Primary antibody against ADAM10 was obtained from ProteinTech Company. Primary antibody against β-actin and secondary antibodies against HRP-linked anti-rabbit IgG were purchased from Solarbio Company. Small interfering RNA (siRNA) and miRNA were synthesized by Genepharma company (Shanghai, China). The sequences were as follows: siADAM10 (5'-CCAGCAGAGAGAUAUAUUATT-3'); Negative control siRNA (5'-UUCUCCGAACGUGUCACGUTT-3'); miR-NC (5'-CAGUACUUUUGUGUAGUACAA-3'), hsa-miR-891a-5p mimic (5'-UGCAACGAACCUGAGCCACUGAAGUGGCUCAGGUUCGUUGCAUU-3'), hsa-miR-891a-5p inhibitor (5'-UCAGUGGCUCAGGUUCGUUGCA-3'),hsa-miR- 383-5p mimic (5'-AGAUCAGAAGGUGAUUGUGGCUCCACAAUCACCUUCUGAUCUUU-3'), hsa-miR-383-5p inhibitor (5'-AGCCACAAUCACCUUCUGAUCU-3').

Cell culture

T47D and MCF7 breast cancer cells were obtained from American Type Culture Collection (ATCC) and cultured in Dulbecco's modified Eagle's medium (DMEM, Gibco, Grand Island, USA) containing 10% fetal bovine serum (FBS, Gibco, Grand Island, USA), 100 U/ml penicillin and 100 μg/ml streptomycin (Millipore, Darmstadt, Germany). The cells were maintained in a humidified incubator at 37℃ with 5% CO2.

Transfection

Breast cancer cells (2x105) were seeded in 6-well plate for 24 hrs. Then miR-NC, miR-891a-5p mimic, miR-891a-5p inhibitor, miR-383-5p mimic, miR-383-5p inhibitor, siADAM10, or negative control siRNA was transfected into the cells by using Lipofectamine 2000 reagent (GIBCOBRL, MD, USA) for indicated times according to the manufacturer's instructions. Then the transfected cells were used for qPCR, western blot, luciferase activity, cell viability, and migration assays.

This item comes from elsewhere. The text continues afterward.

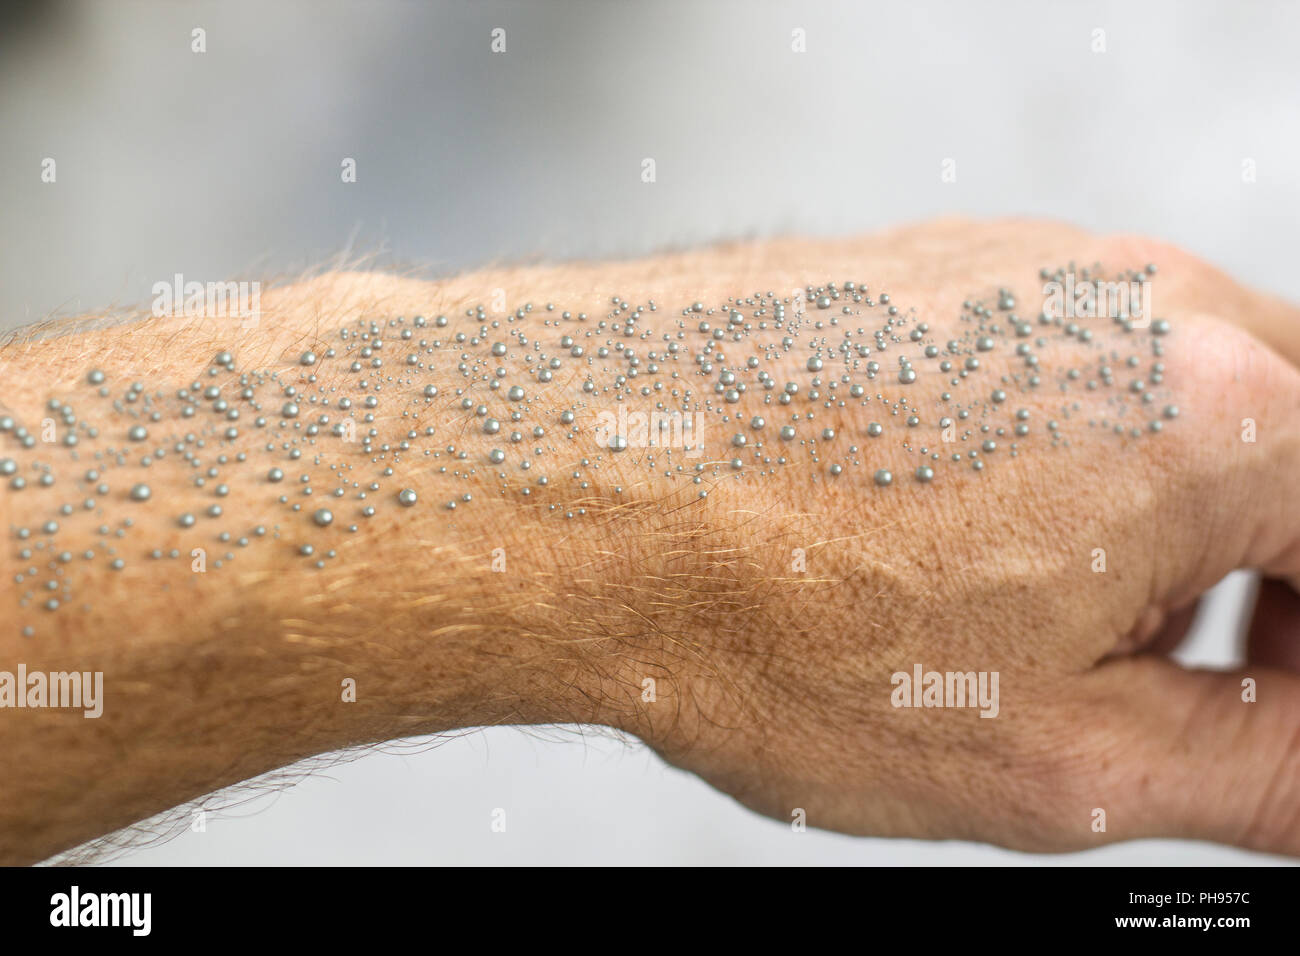 Les nanoparticules rendu visible sur la peau humaine - le rendu 3D Banque D'Images

Cell viability determination

Cell viability was determined using MTT assay. Briefly, the cells (3,000) were seeded in 96-well plate. After treatment of cells with various conditions, the medium was removed and 25 ul of MTT (5 mg/ml, Sigma) was added to each well for 4 hrs incubation at 37 degrees. Then 200 ul of DMSO was added to each well, and the absorbance at 490 nm was read using microplate reader.

Transwell migration assay

Cells migration was assessed using BD Falcon™ Cell Culture Inserts (353,097, CA, USA) according to the manufacturer's instructions. Briefly, after treatment of cells with various conditions, the cells were respectively trypsinized and resuspended in serum-free medium. Cells (1 × 105) with the serum-free medium were plated in the insert and allowed to migrate through a semi supermeable (8 μm pore size) membrane toward 30% FBS medium in the bottom chamber for 24 hrs. After that, unmigrated cells were removed with swab from the top of the membrane and subsequently fixed with methanol and stained with crystal violet. The images of migrated cells at the bottom of the membrane were captured using an inverted microscope CK40 (Olympus, Japan). 5 areas of the membrane were captured for each sample.

Western blot analysis

After cells had been treated with different conditions, cell lysates were extracted by using lysis buffer (BC3711, Solarbio) containing 1 mM phenylmethylsulfonyl fluoride (PMSF) and protease cocktail inhibitor. Protein concentration was determined by BCA protein assay reagent (Solarbio). Forty µg of total protein was resolved by an8% SDS-PAGE and transferred to PVDF membrane (Thermo Fisher Scientific). After blocking with 5% non-fat milk (Solarbio), the membrane was incubated with primary antibody mentioned in Materials overnight at 4 oC. Subsequently, the membrane was incubated with secondary antibody for 90 minutes at room temperature. Western ECL substrate (PIERCE) was used to develop the immunoblot.The results were quantified by plotting the density of the band using Gel-Pro-Analyzer Software.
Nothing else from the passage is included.